## DATA BLOCK
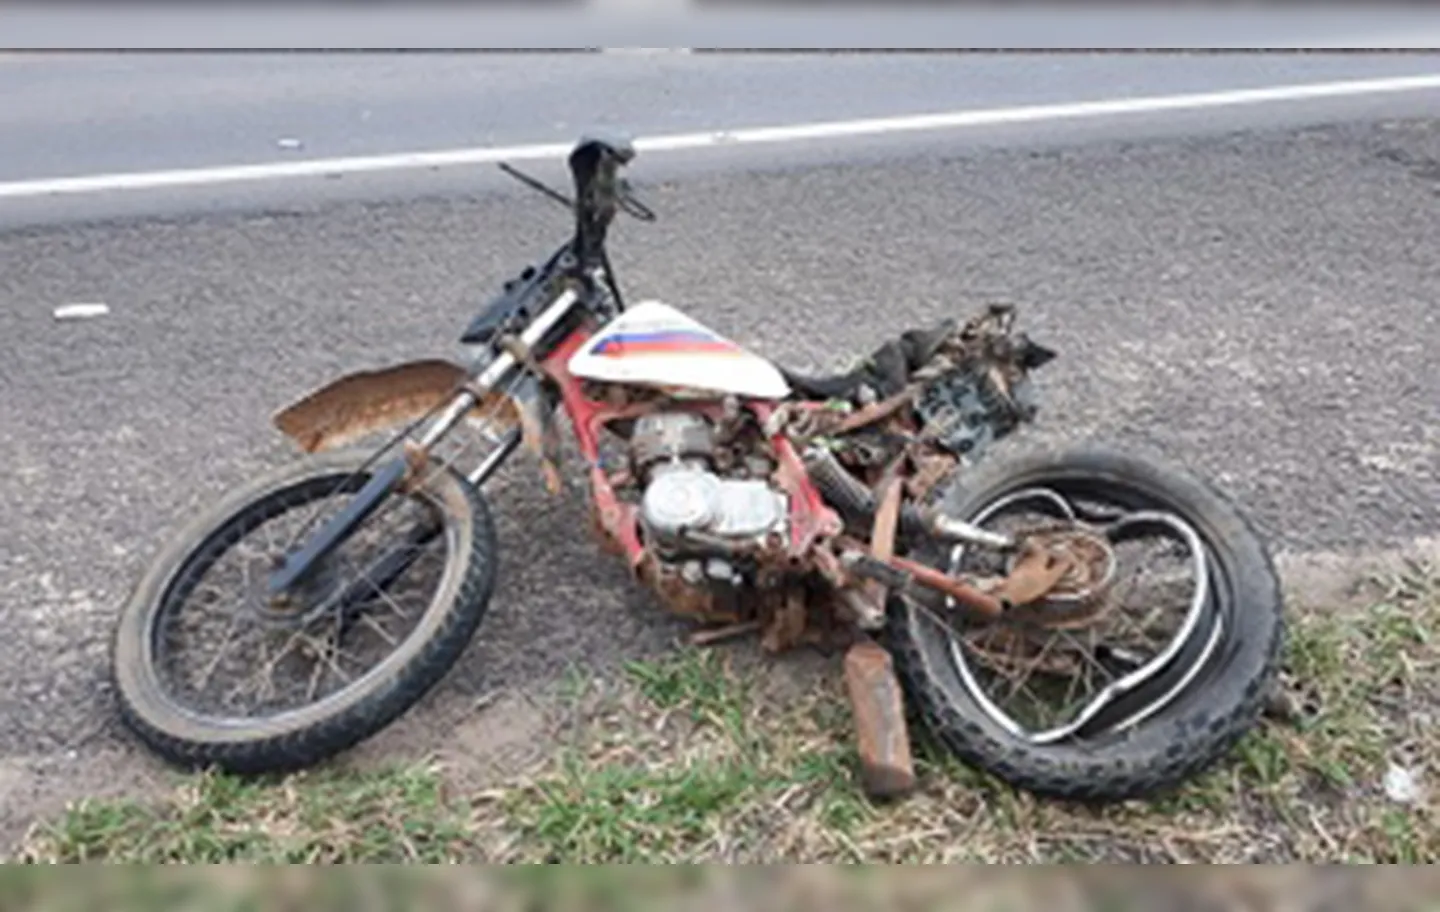 Três vítimas trafegavam na moto quando ocorreu o acidente | Foto: Reprodução | Blog do Netto Maravilha
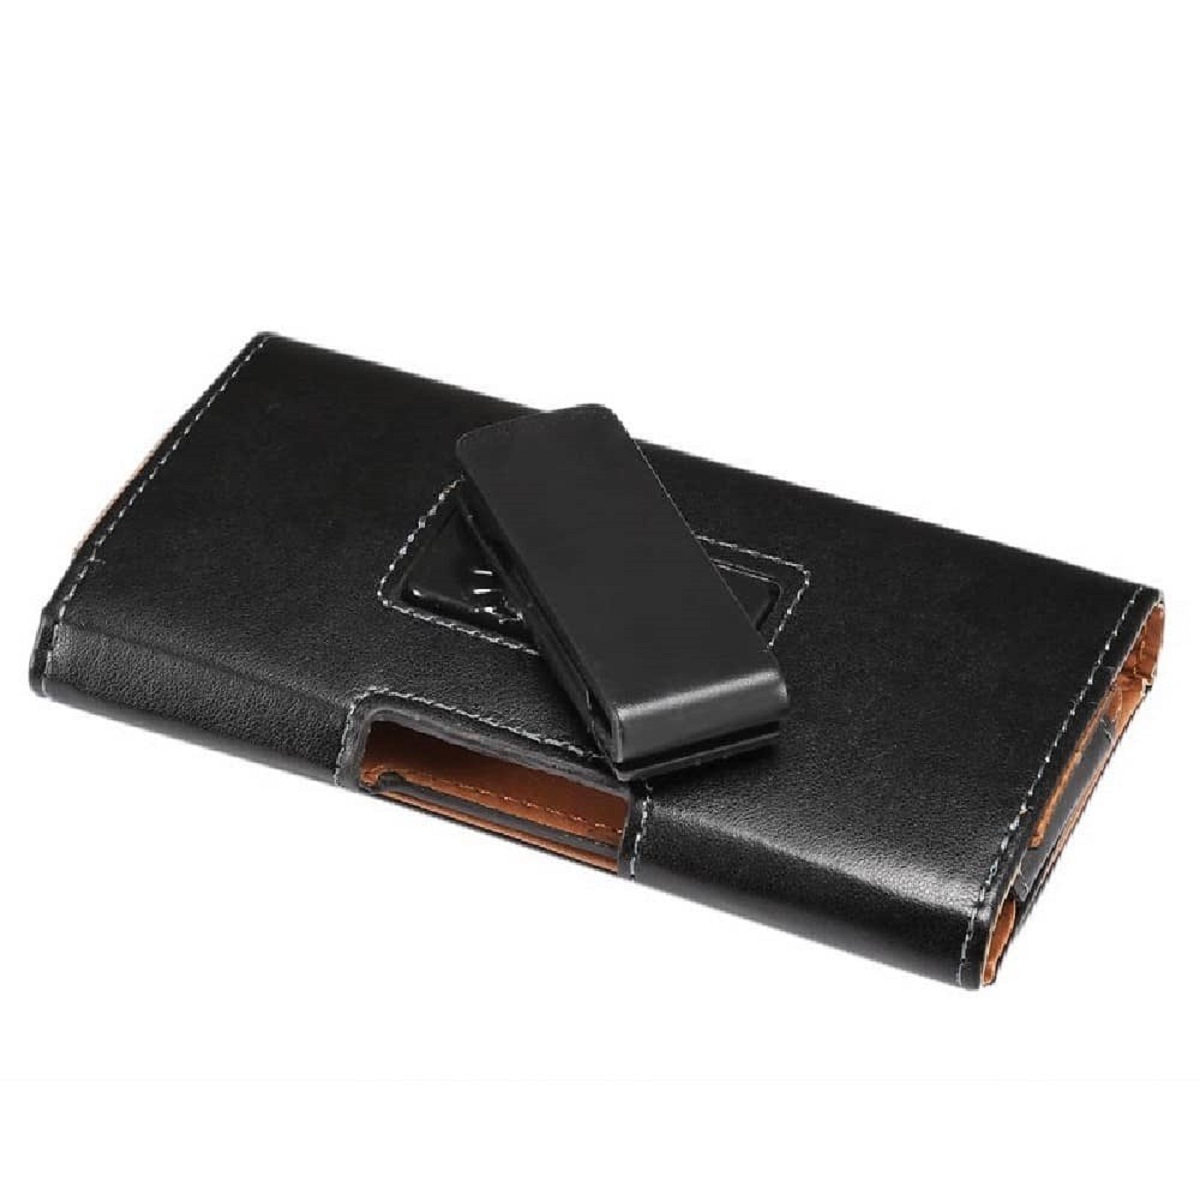 縮圖 1  - for YU Yunique 2 Executive Holster Leather Case Belt Clip Rotary 360 Magnetic...
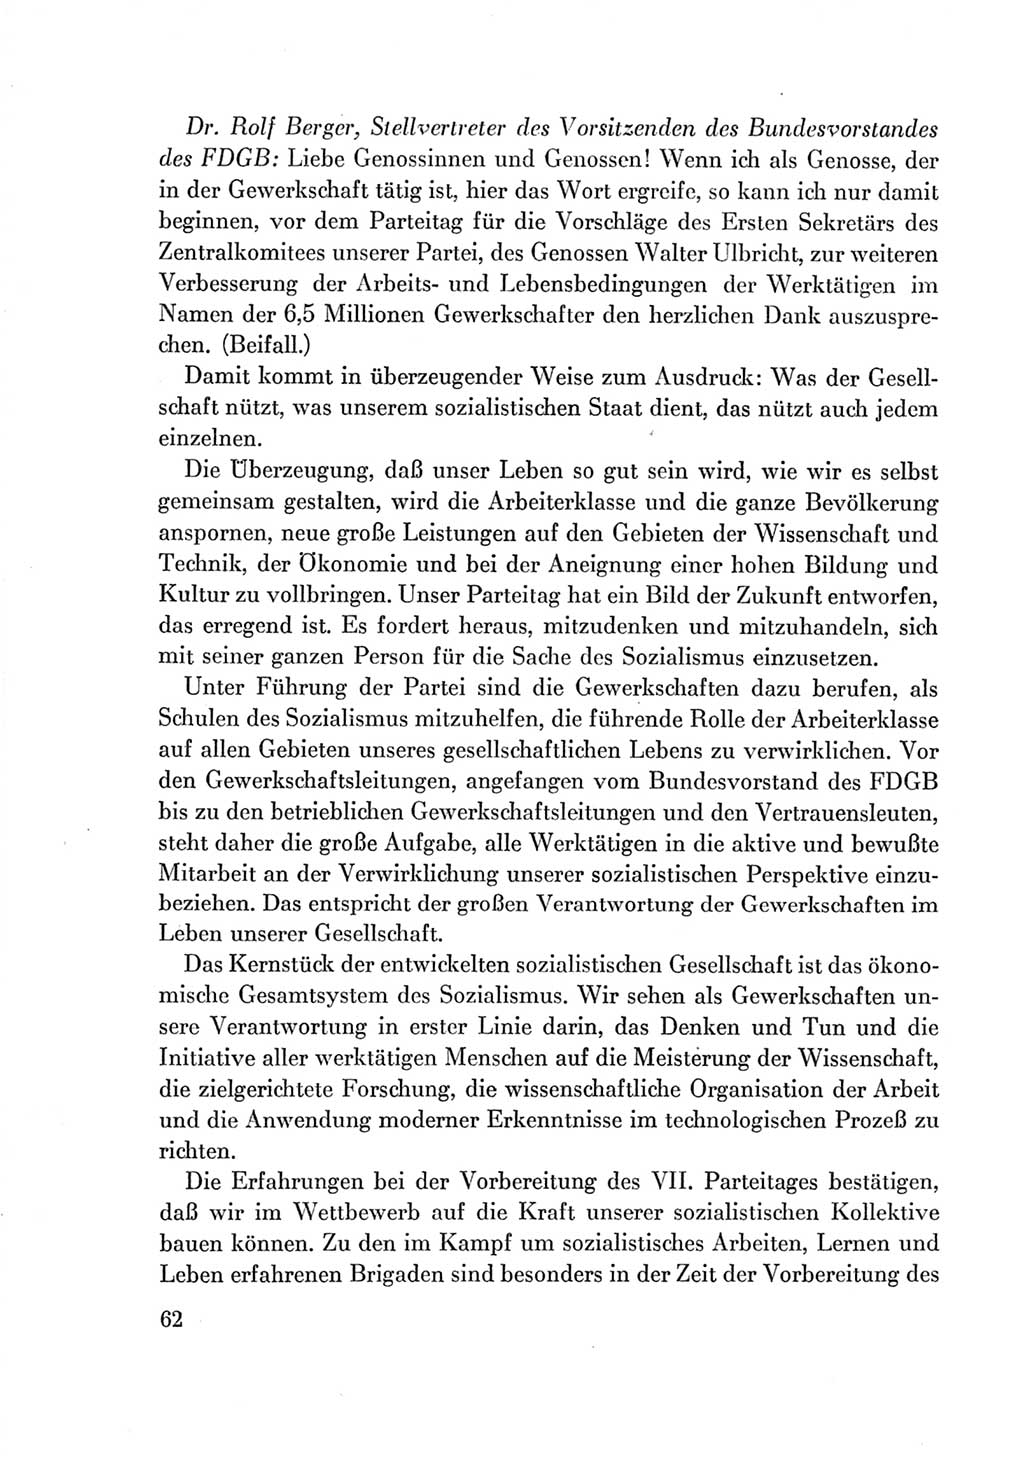 Protokoll der Verhandlungen des Ⅶ. Parteitages der Sozialistischen Einheitspartei Deutschlands (SED) [Deutsche Demokratische Republik (DDR)] 1967, Band Ⅱ, Seite 62 (Prot. Verh. Ⅶ. PT SED DDR 1967, Bd. Ⅱ, S. 62)
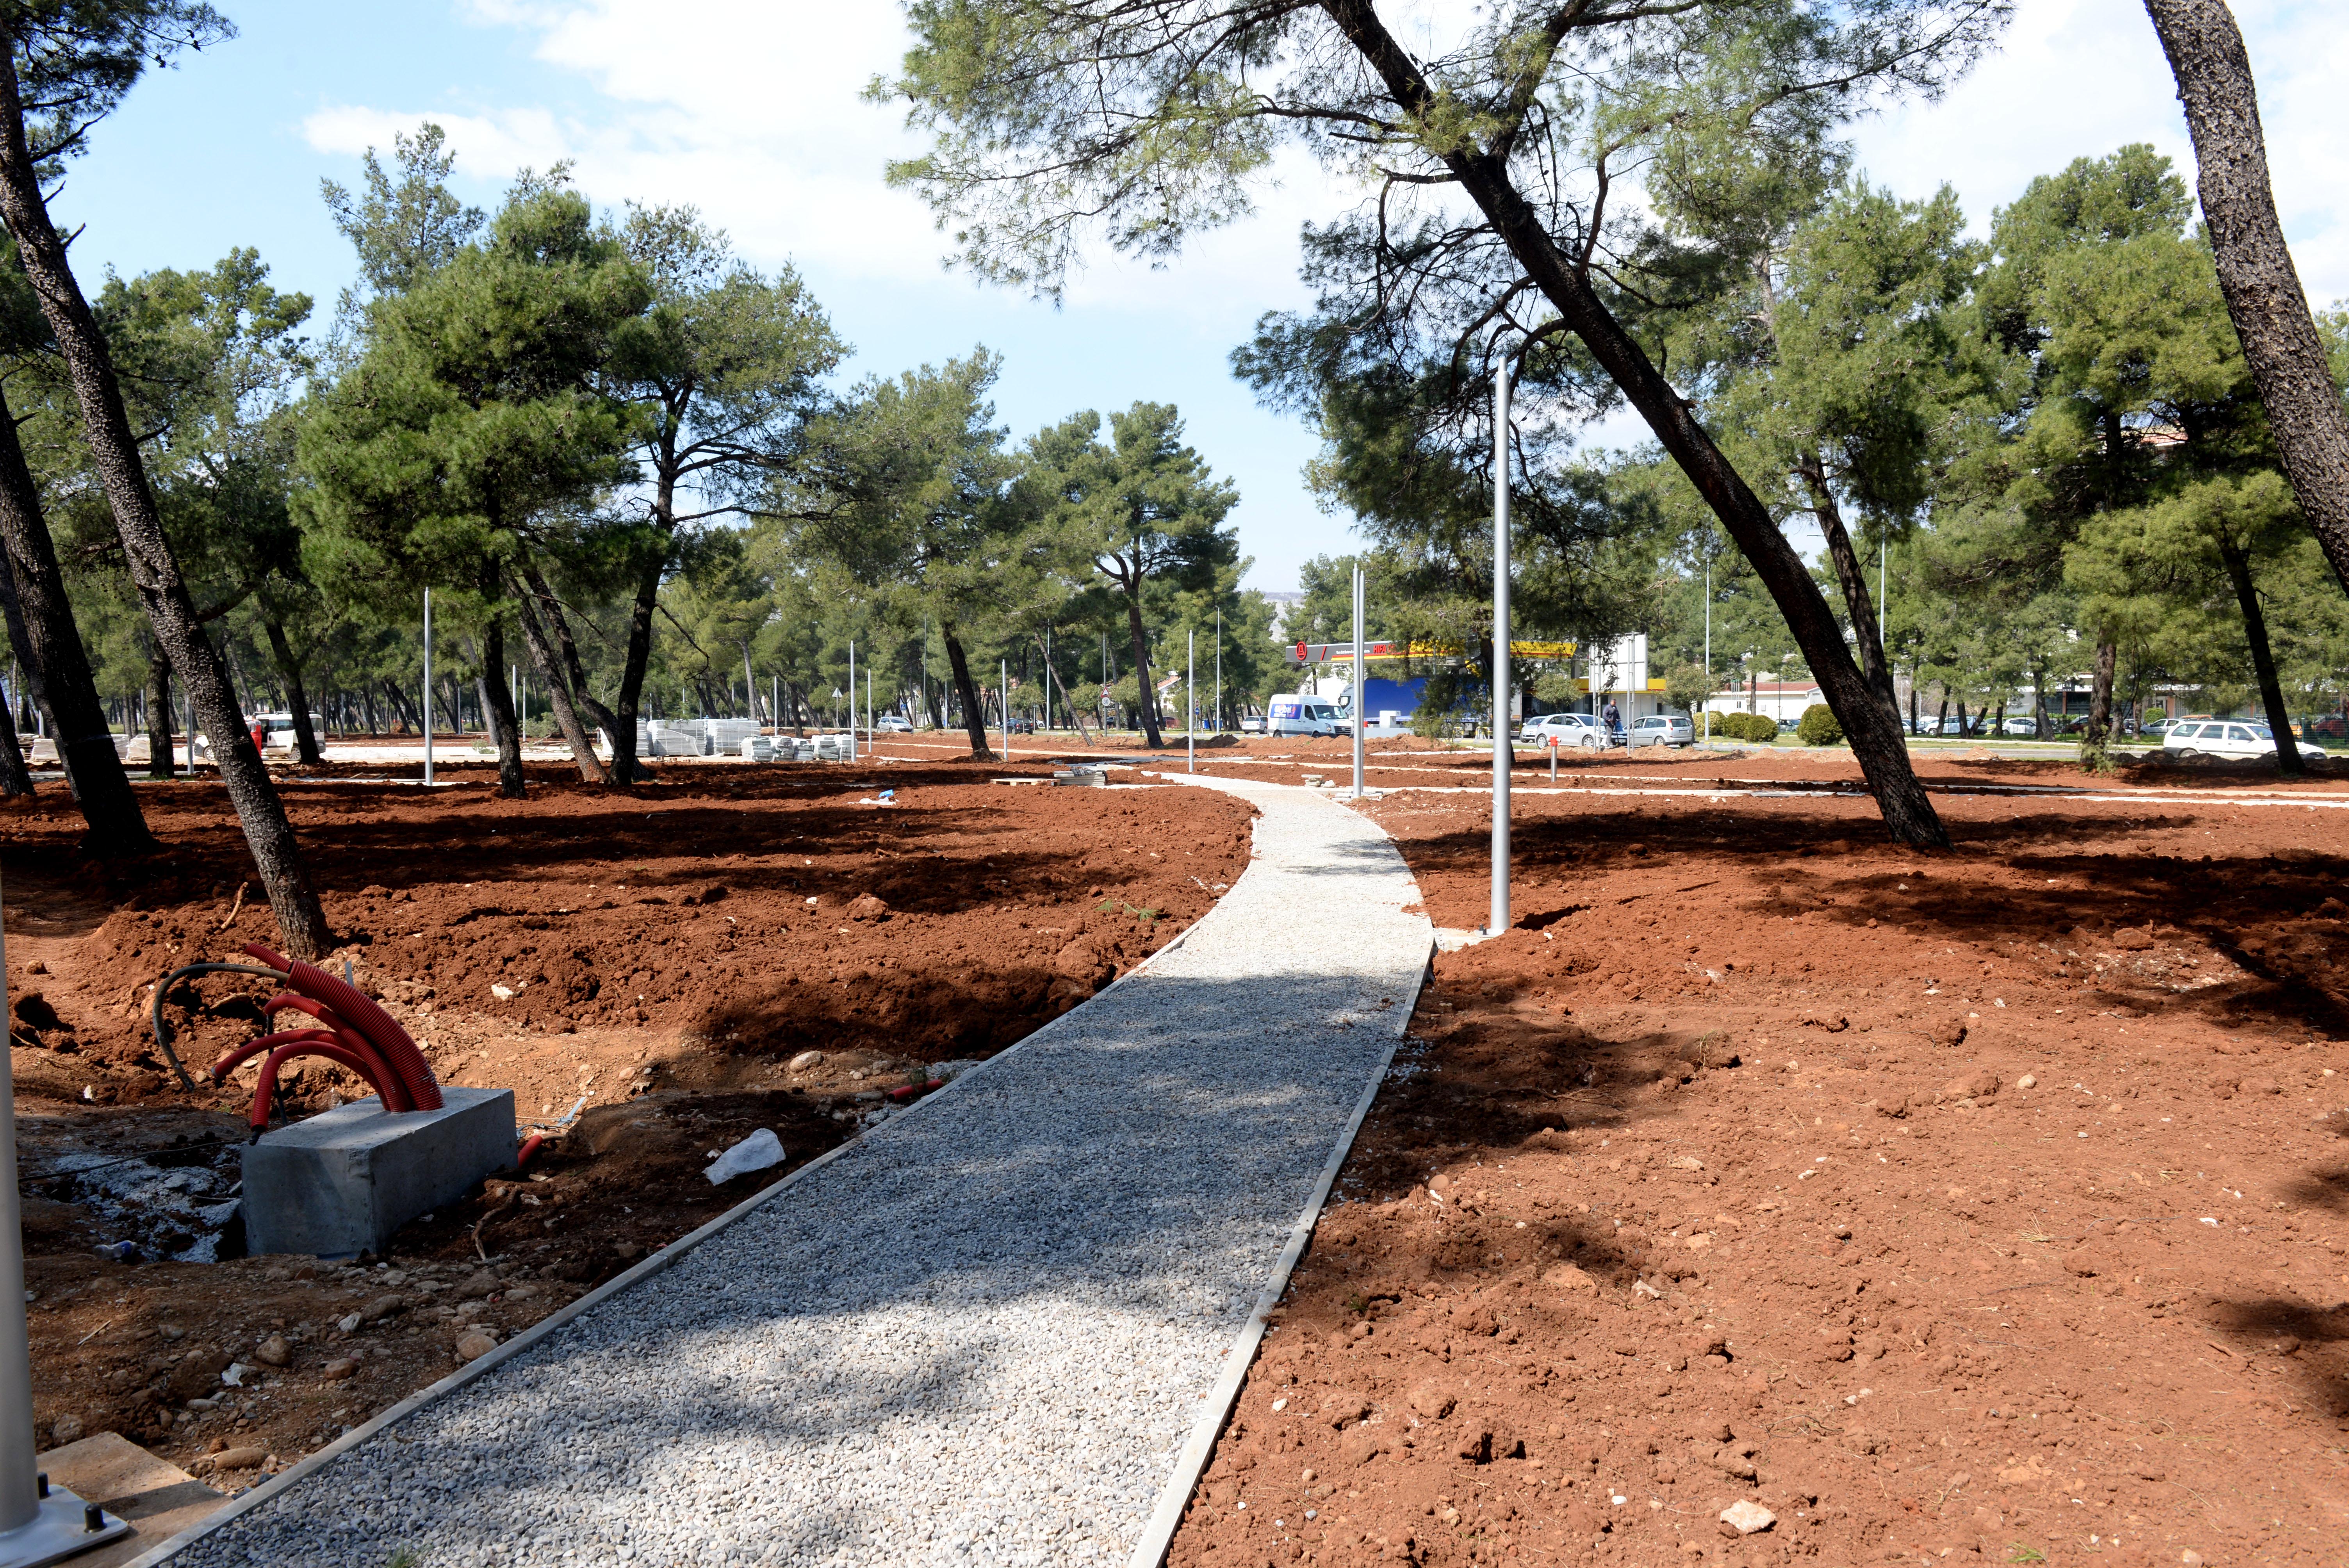 Uređenje park-šume Tološi odvija se prema planu: Podgorica će uskoro dobiti jednu od najsavremenijih i najljepših sportsko-rekreativnih zona

## WHAT YOU SHOULD DO
From the first line of the listing above, repeat every line through the one holding "Rotary 360 Magnetic...". Both ends count, and pictures stay out.

## ANSWER BOX
 Três vítimas trafegavam na moto quando ocorreu o acidente | Foto: Reprodução | Blog do Netto Maravilha
 縮圖 1  - for YU Yunique 2 Executive Holster Leather Case Belt Clip Rotary 360 Magnetic...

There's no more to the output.